Complications affecting the pulmonary system are of particular concern in patients with SA.7 This is especially problematic as a number of researchers have shown the negative impact that perioperative factors have on respiratory physiologic variables,1016 exposing patients with SA at additional risk for respiratory or pulmonary complications. Knowledge of the incidence and risk for the development of pulmonary complications among SA patients is important to accurately inform patients and their physicians and to target efforts toward preventing them.

Therefore, we sought to study perioperative demographics and outcomes of patients with SA after orthopedic and general surgical abdominal procedures, using data collected for the National Inpatient Sample (NIS), the largest all-payer database in the United States (US). We hypothesized that SA is an independent risk factor for perioperative pulmonary complications. If correct, results would provide a basis for an increase in the utilization of resources, including intensive monitoring and development of strategies to prevent and treat these events.


Data Source

NIS data files sponsored by the Agency for Healthcare Research and Quality (AHRQ) were commercially obtained from the Hospital Cost and Utilization Project and analyzed for this study. The NIS is the largest all-payer inpatient discharge database in the US. Detailed information on the NIS design can be accessed electronically.a,b Recognizing its utility to answer valuable clinical questions, many studies addressing various aspects across the spectrum of medical specialties have been published.
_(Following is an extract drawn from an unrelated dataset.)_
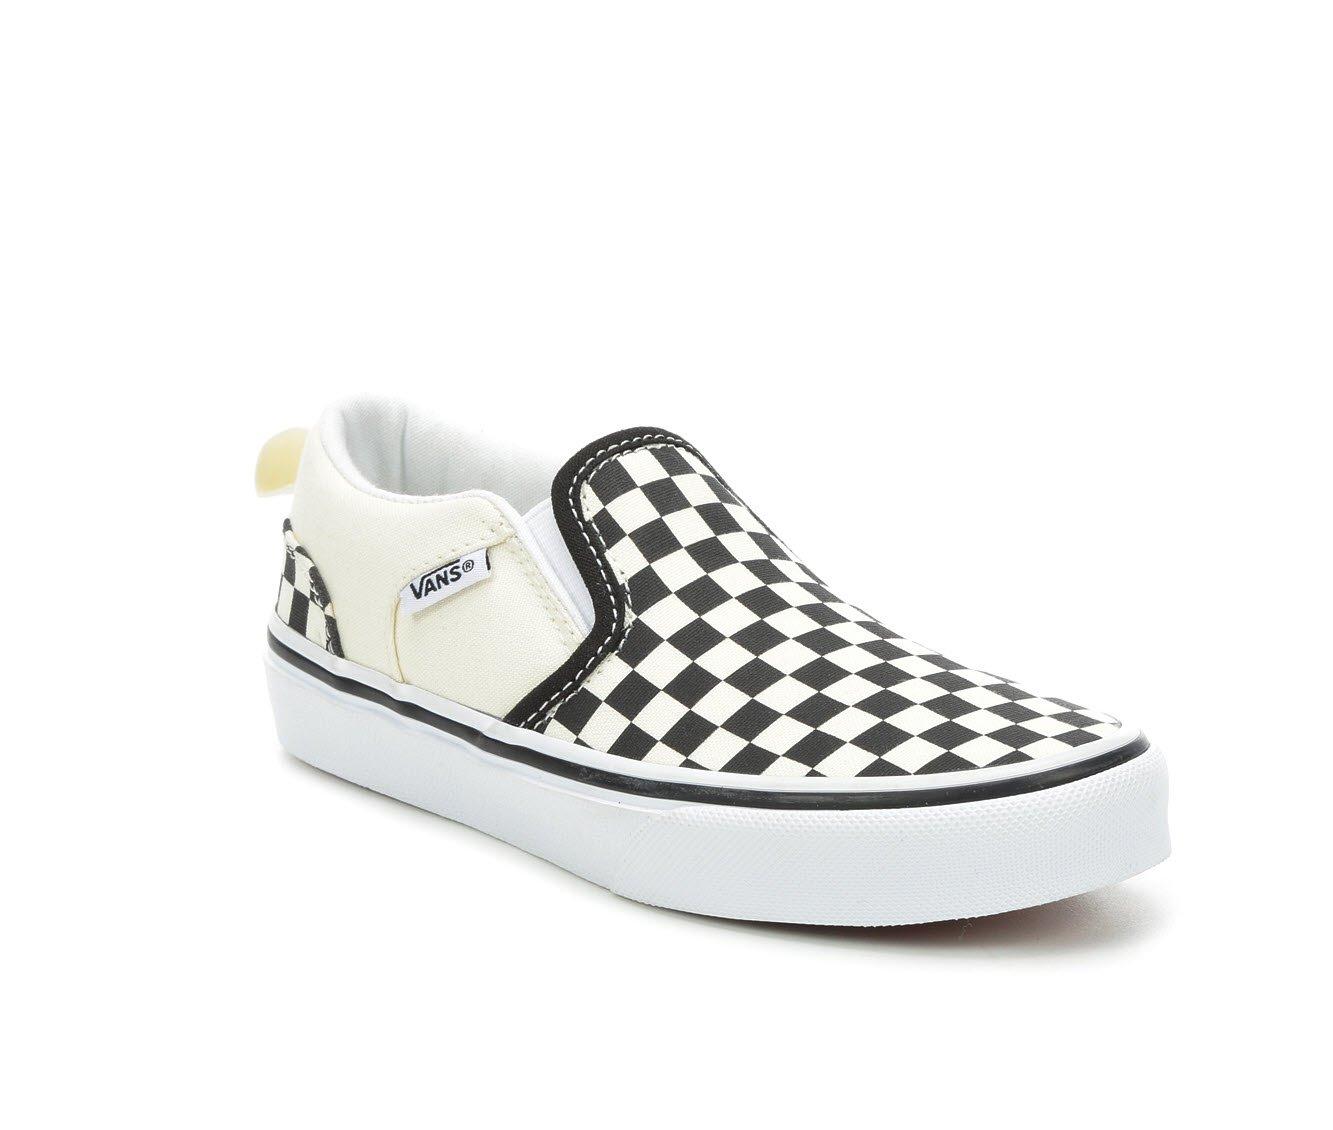 Vans Lace Up Black/White Checkerboard Skate Shoes Sneakers - Kids Youth  Size 13

The AHRQ performs validation procedures of the NIS against other national databases including the National Hospital Discharge Survey and MedPAR, thus validating estimates provided in this database.17 Because the data used in this study are sufficiently deidentified, this project was exempt from review by the IRB.

Selection of Study Sample and Statistical Methods

Our study sample consists of all data in NIS for each year between 1998 and 2007. Entries indicating the performance of a lower extremity joint arthroplasty or an open abdominal surgical procedure (hereafter referred to as orthopedic and general surgical procedures) were identified using the Clinical Classifications Software for Services and Procedures (CCSSP)c provided by the AHRQ and included in the sample. Discharges with International Classification of Diseases, ninth revision, Clinical Modification (ICD-9-CM) diagnosis codes 327.2 and 780.5 were used to define SA in this study as described previously.18,19 ICD-9 code 327.2 was used in the years 2005 to 2007, whereas all other codes were used in all years of study.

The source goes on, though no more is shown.